= Brighton Borough Police =

Defunct police force

Brighton Borough Police was the police force responsible for policing Brighton, Sussex for 129 years from 1838 to 1967, though there were special arrangements in place during the Second World War. It is believed that a police force of sorts was in place in the town by at least 1830 though this largely based on earlier 'watchmen' system of policing. In 1838 the town created its first fully professional police force. At this time the force consisted of a Chief Constable, two Superintendents, a night Constable, three Inspectors and twenty-four Constables.

In 1854 Brighton was incorporated as a municipal borough. In 1854 the force had ten Officers and fifty-one Constables and came under the control of the watch committee of the newly formed Brighton Borough Council. Under the Local Government Act 1888 Brighton became a county borough. By 1902 the force consisted of 102 police officers, policing a population of 123,478.

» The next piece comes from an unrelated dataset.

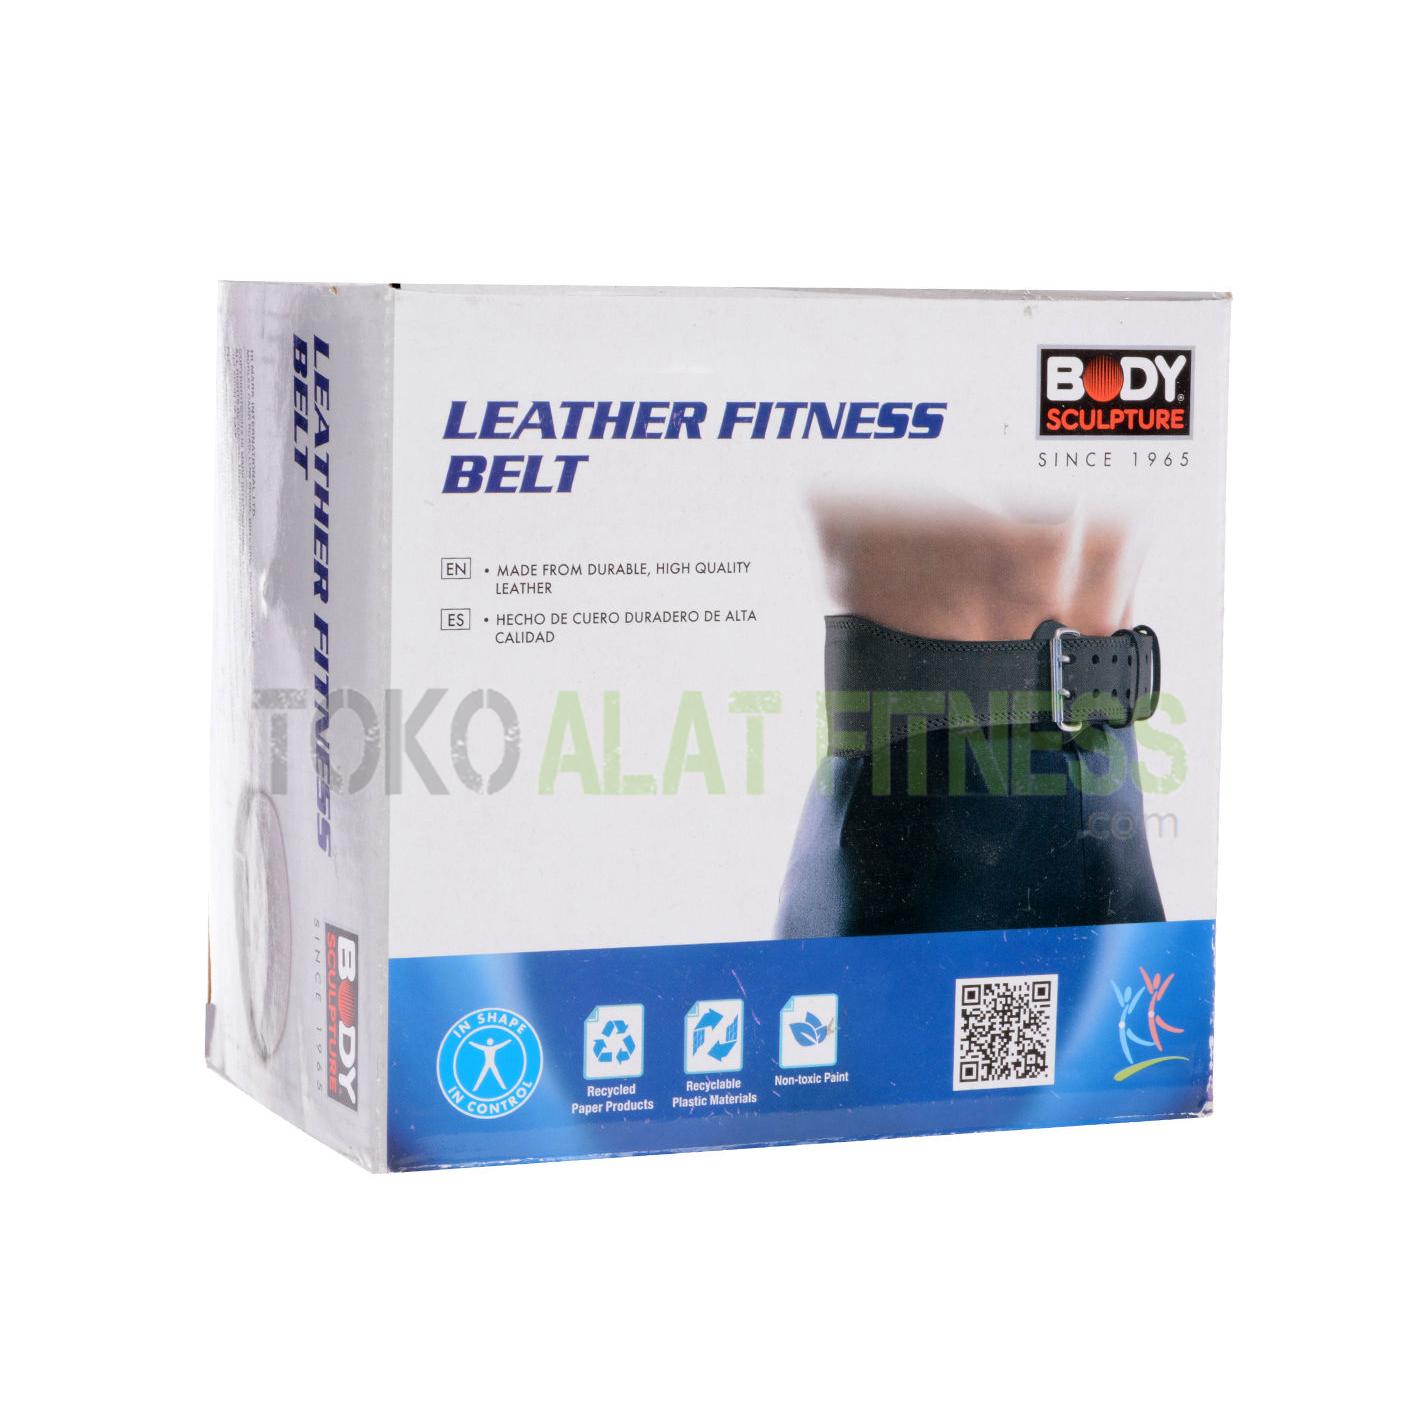 sabuk kulit bs krds - Sabuk Fitness Kulit (Weight Lifting Belt) M Hitam Body Sculpture

Between 1943 and 1947, in order to provide a co-ordinated approach to the wartime emergency, Brighton Borough Police was amalgamated with other local forces to form the Sussex Combined Police, with headquarters at Haywards Heath. The combined force was abolished in April 1947, and Brighton Borough Police once again was in place to police the county borough of Brighton. At this time the force consisted of 227 police officers.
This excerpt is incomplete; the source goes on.